Headlines that say: “Psilocybin cures depression in a single dose.”
“LSD may rewire the brain.”
“New research shows psychedelics heal trauma faster than therapy.”
It’s framed as a miracle cure. A magic bullet. A quick fix.
But what’s often missing is nuance.
Healing is not just about neurochemistry. Psychedelics aren’t just "rewriting the script" in the brain, they’re bringing people into contact with their deepest pain, their unlived grief, their repressed rage, their fractured sense of self. And for that to be truly healing, it needs context. Care. Safety. Integration.
Without that, we risk retraumatising people instead of supporting them. We risk opening doors we’re not prepared to help people walk through.
What We Need Is a New Culture of Care
We need more than access to psychedelics.
We need safe containers.

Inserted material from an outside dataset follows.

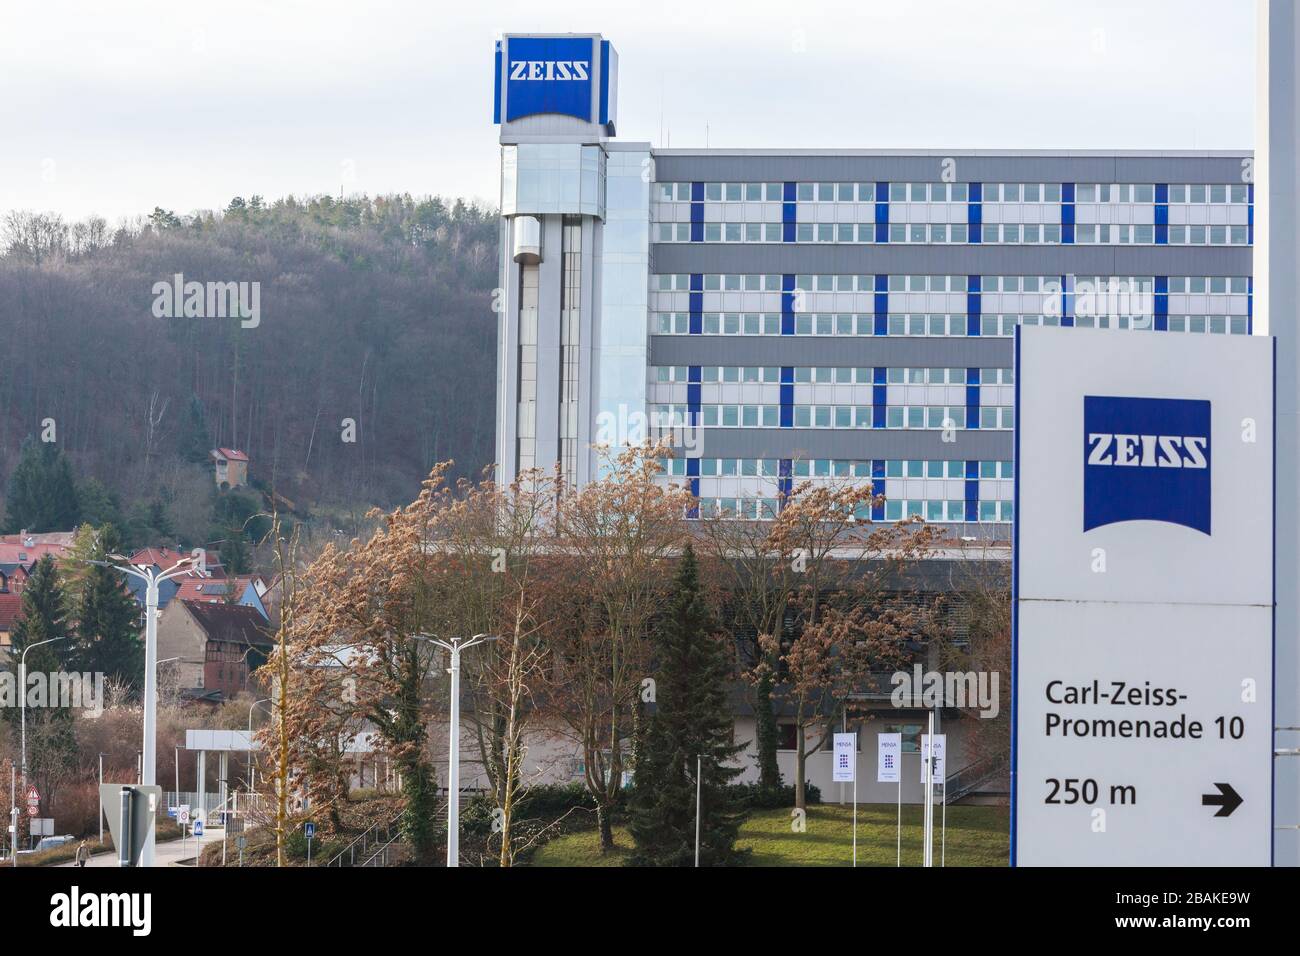 Jena - 12. Januar 2020: Zeiss Zentrale in Jena Carl Zeiss ist ein deutsches Unternehmen, das sich auf optische Instrumente, Optik und Objektive spezialisiert hat Stockfoto
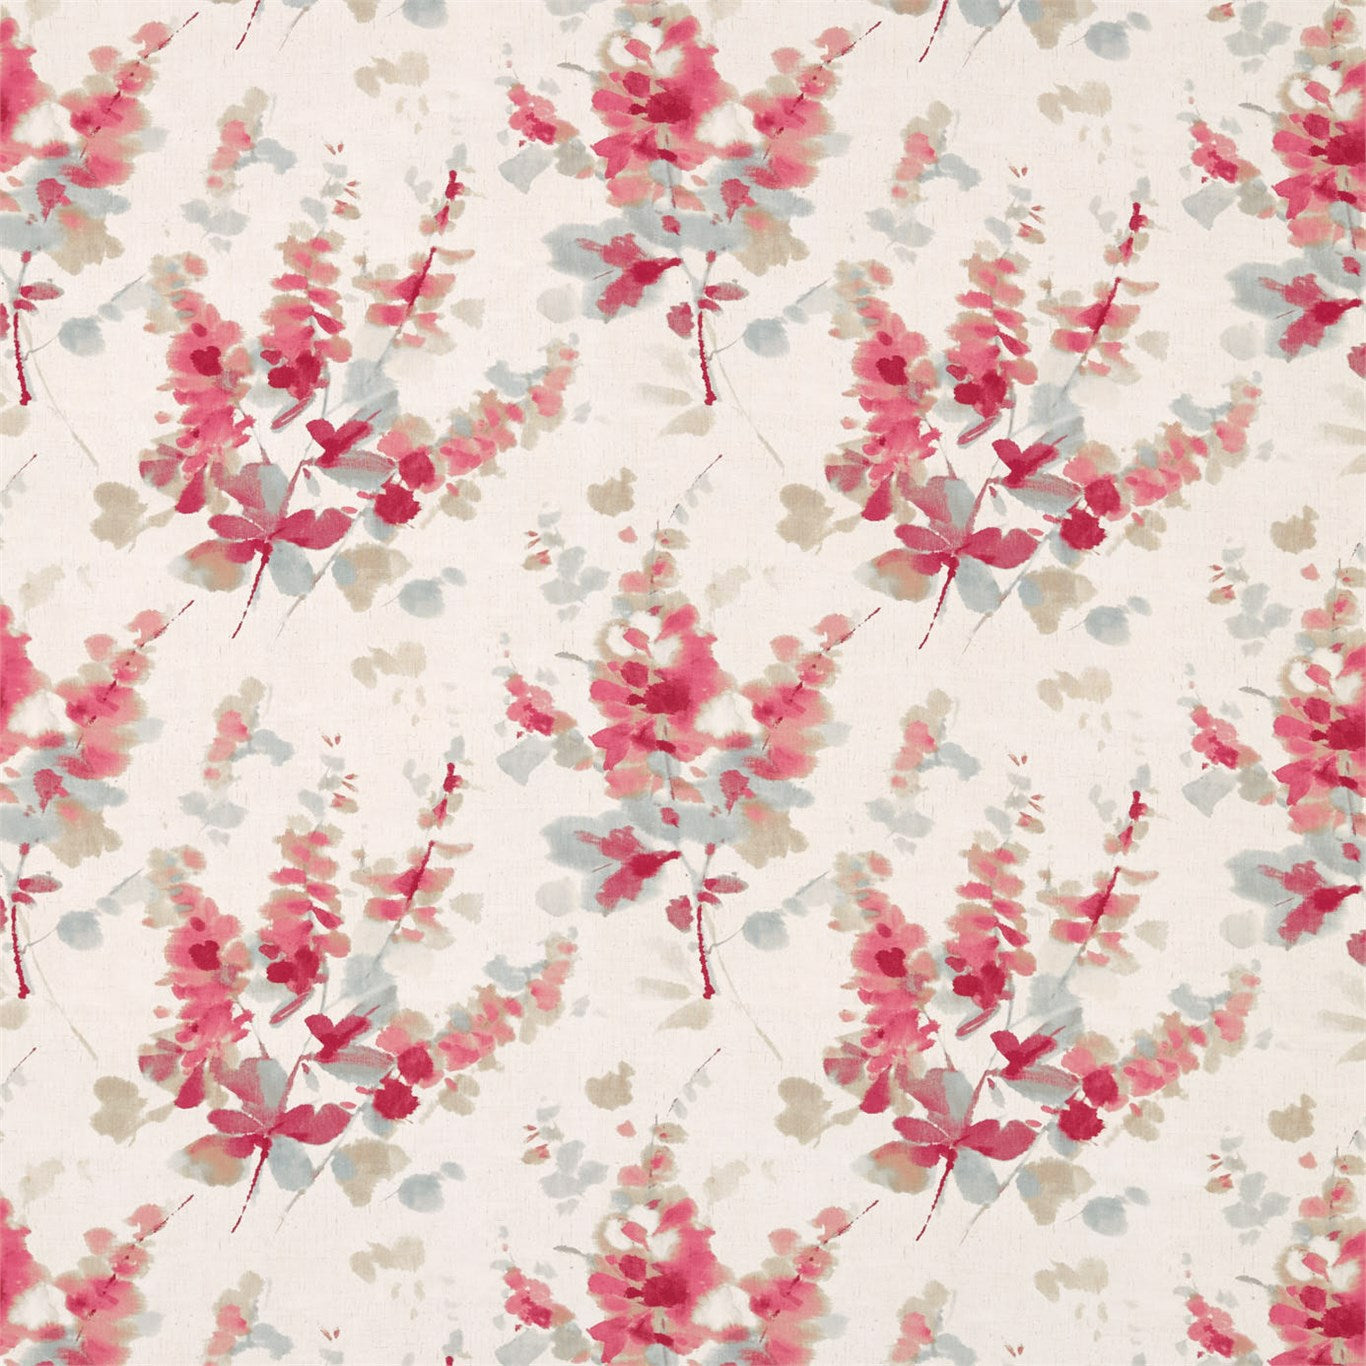 Delphiniums Fabric by Sanderson - DWAP226290 - Coral

Skilled facilitators. Trauma-aware support. Integration circles. Nervous system literacy. Community.
We need people who understand that a 6-hour journey can open a 6-month portal.
And that what happens after the ceremony is just as important as what happens during it.
We need to move from consuming medicine to relating to it.
From chasing highs to honouring the deep, slow work of healing.
This Isn’t About Shame—It’s About Love
If you’ve had a difficult journey, or gone into an experience unprepared, please know this:
You are not broken.
You are not naive.
You are not alone.
Most of us weren’t given the tools to understand what this path really demands.
We weren’t taught how to hold ourselves through unraveling.
We weren’t shown how to tend to the soul.
This is why I do the work I do.
Not to gatekeep psychedelics but to protect the sacred.
To create containers that are safe, slow, embodied, and grounded in care.
So that when the door opens, you don’t have to walk through it alone.
And when you meet God, your body is ready to receive the message.
And when your trauma comes to the surface, there’s enough love in the room to hold it.
Psychedelics aren’t the healing.
They’re the invitation.
Integration is the healing.
Relationship is the healing.
Being seen, held, and slowly becoming yourself again—that’s the healing.
Let’s build a world that knows how to hold people through it all.